• Activity: Pictures aside, repeat the listing below exactly.

• Source data:
☆ ☆ ☆ ☆
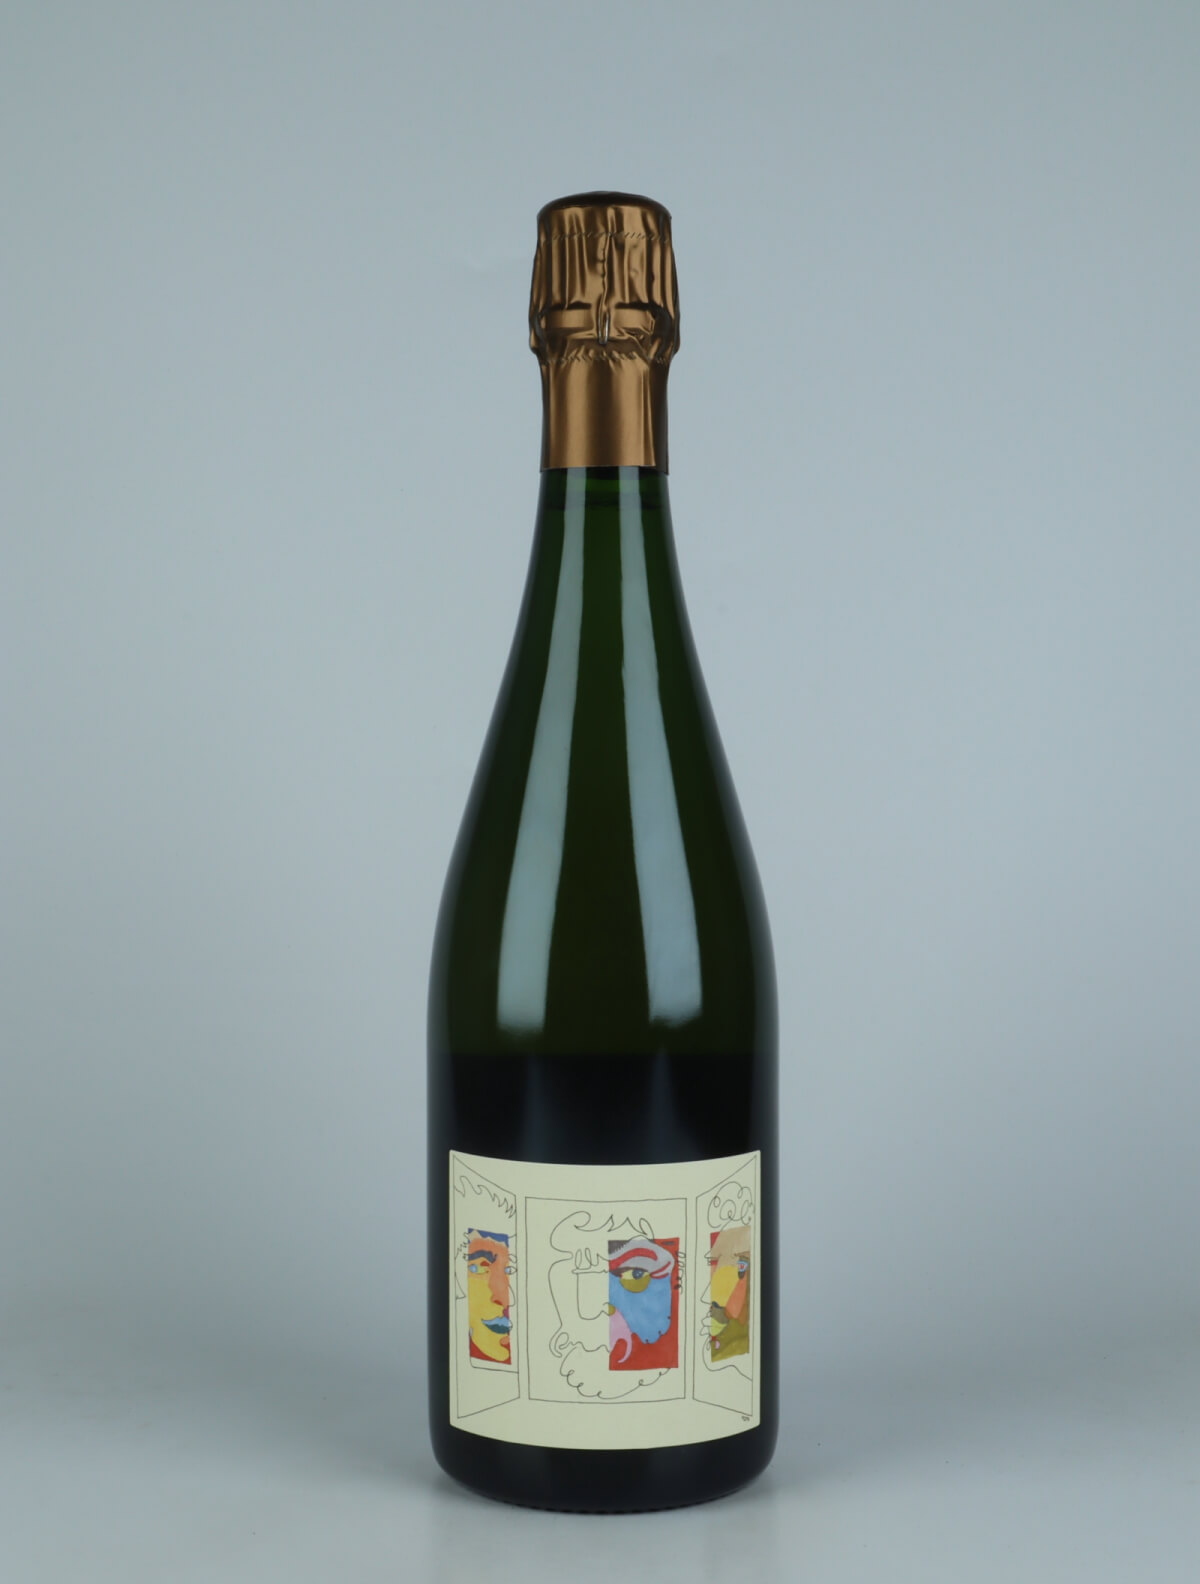 A bottle N.V. Triptyque (18/19) - Brut Nature Sparkling from Stroebel, Champagne in France
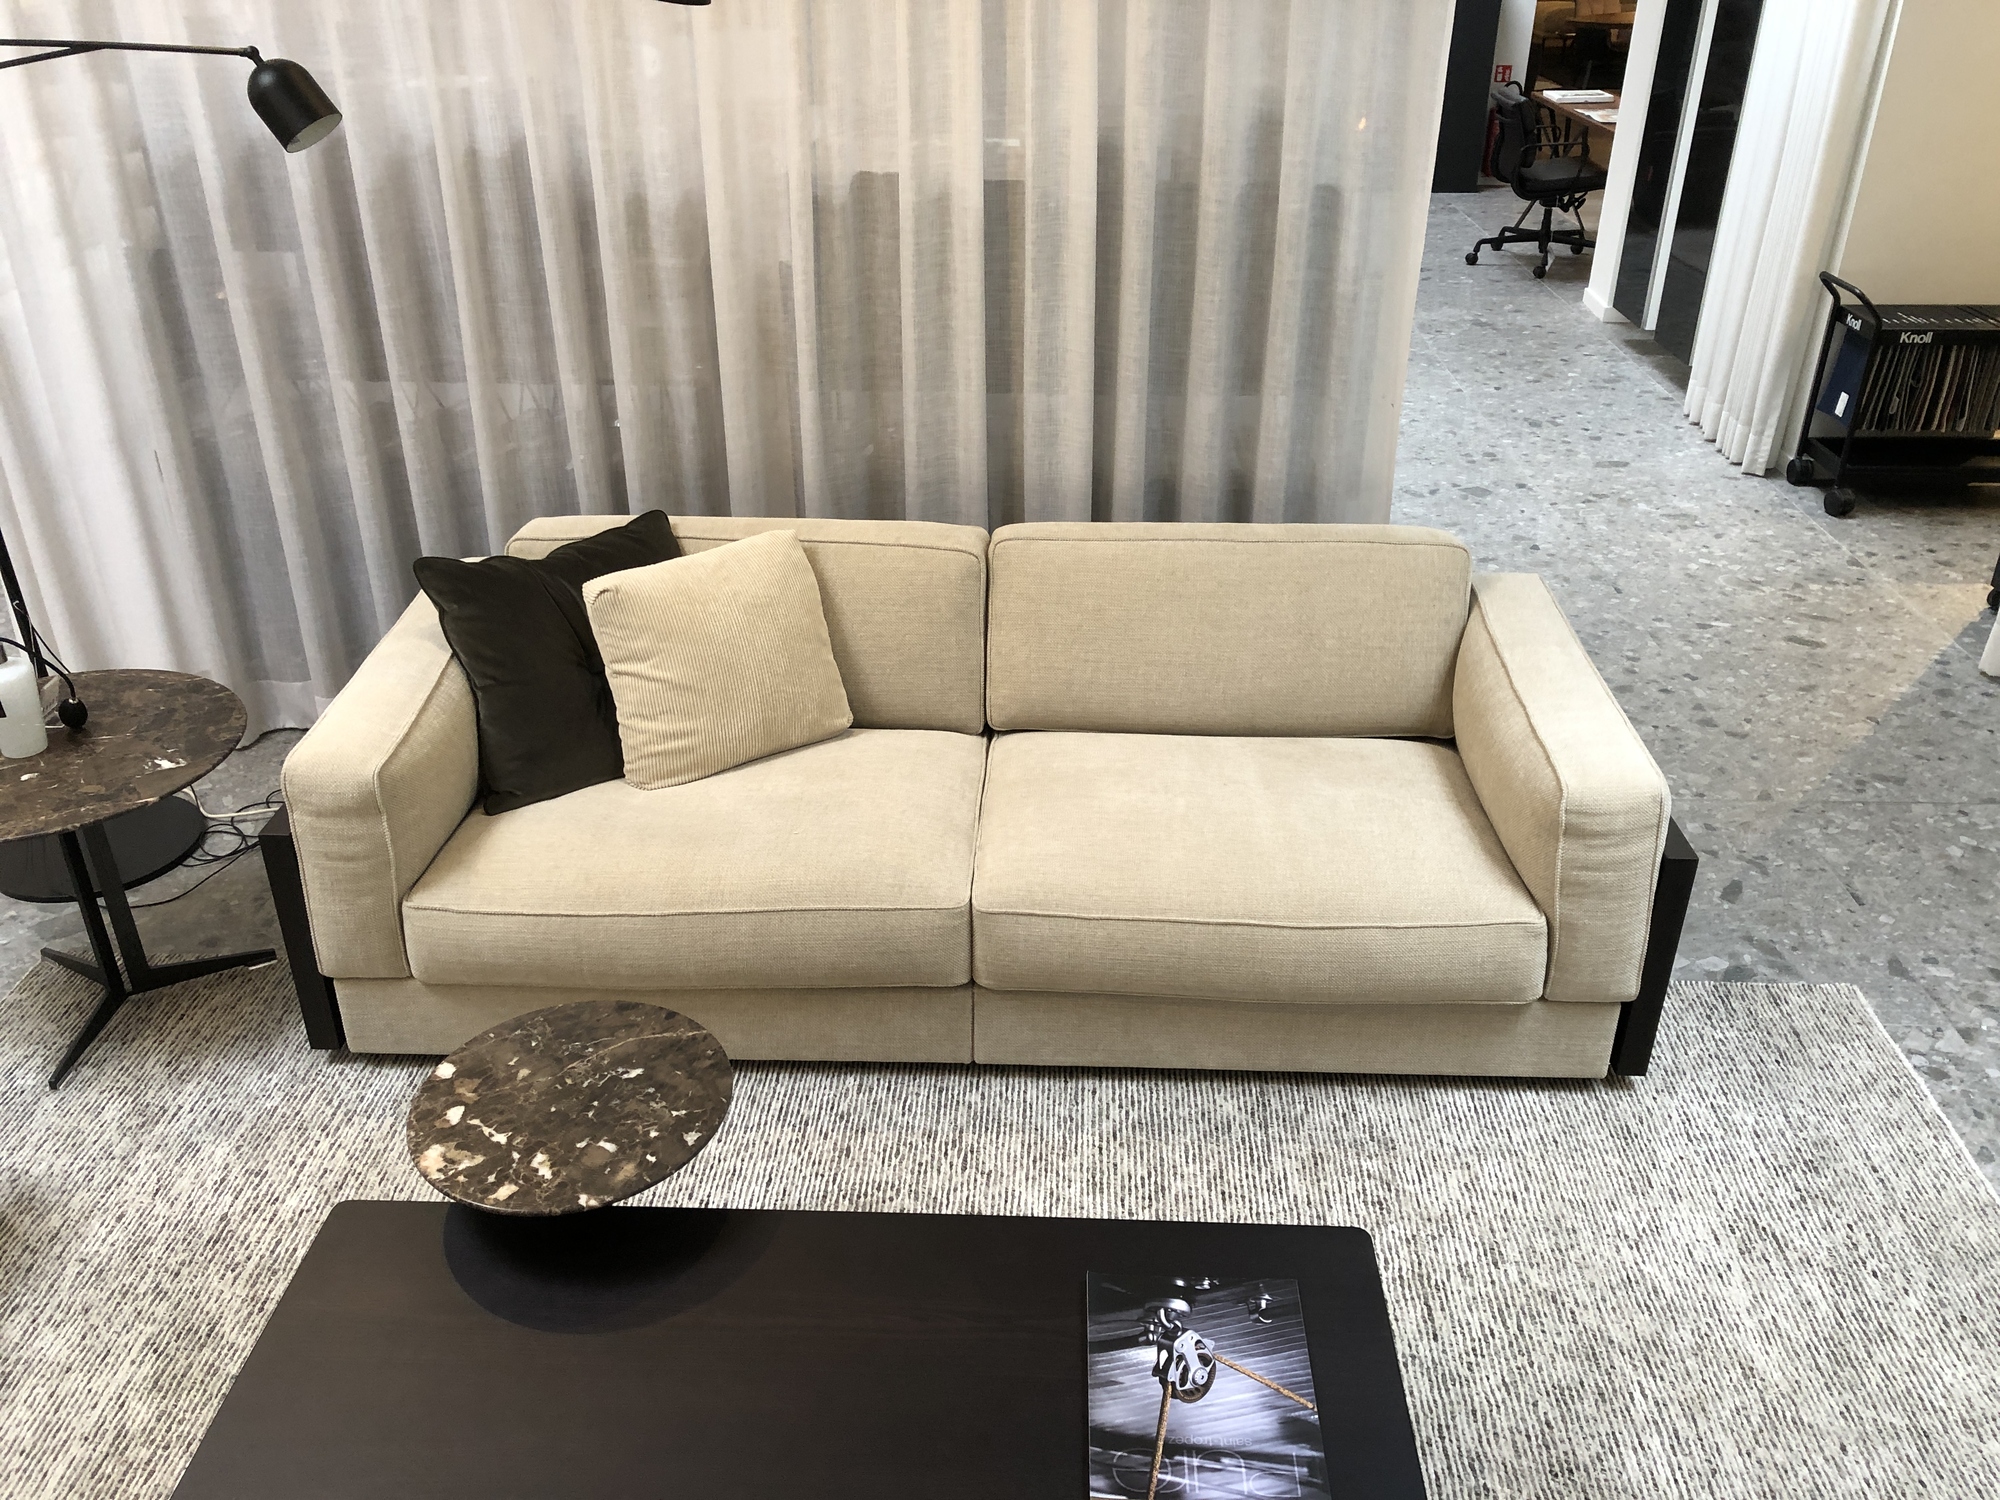 Knoll-Gould sofa
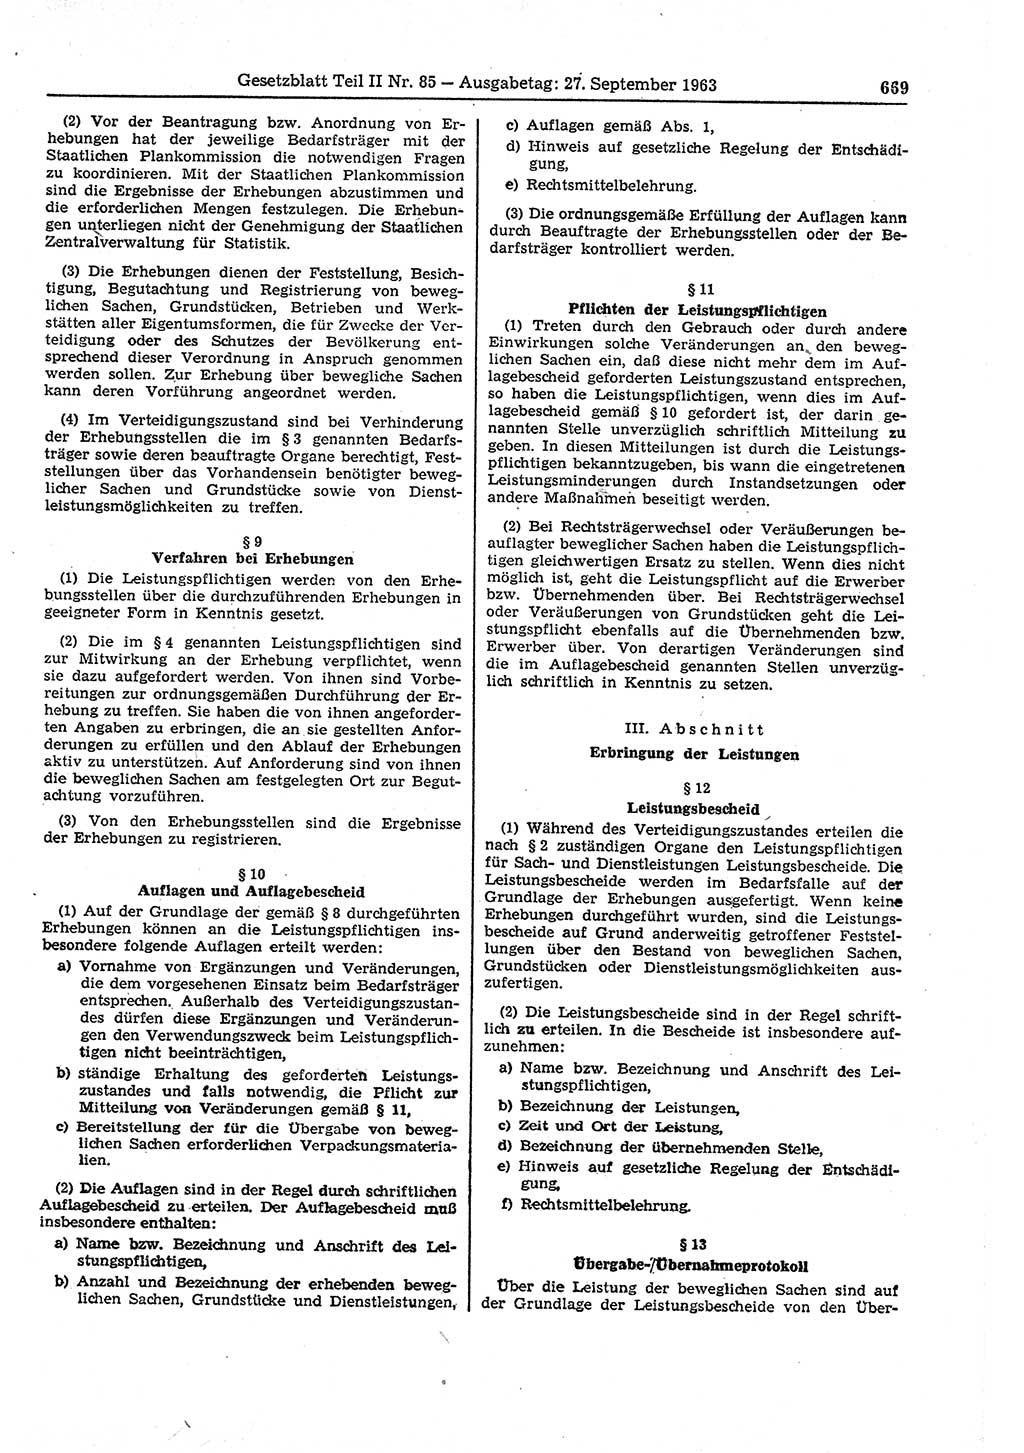 Gesetzblatt (GBl.) der Deutschen Demokratischen Republik (DDR) Teil ⅠⅠ 1963, Seite 669 (GBl. DDR ⅠⅠ 1963, S. 669)
☆ ☆ ☆ ☆
• Solution for this problem:
 A bottle N.V. Triptyque (18/19) - Brut Nature Sparkling from Stroebel, Champagne in France
 Knoll-Gould sofa
 Gesetzblatt (GBl.) der Deutschen Demokratischen Republik (DDR) Teil ⅠⅠ 1963, Seite 669 (GBl. DDR ⅠⅠ 1963, S. 669)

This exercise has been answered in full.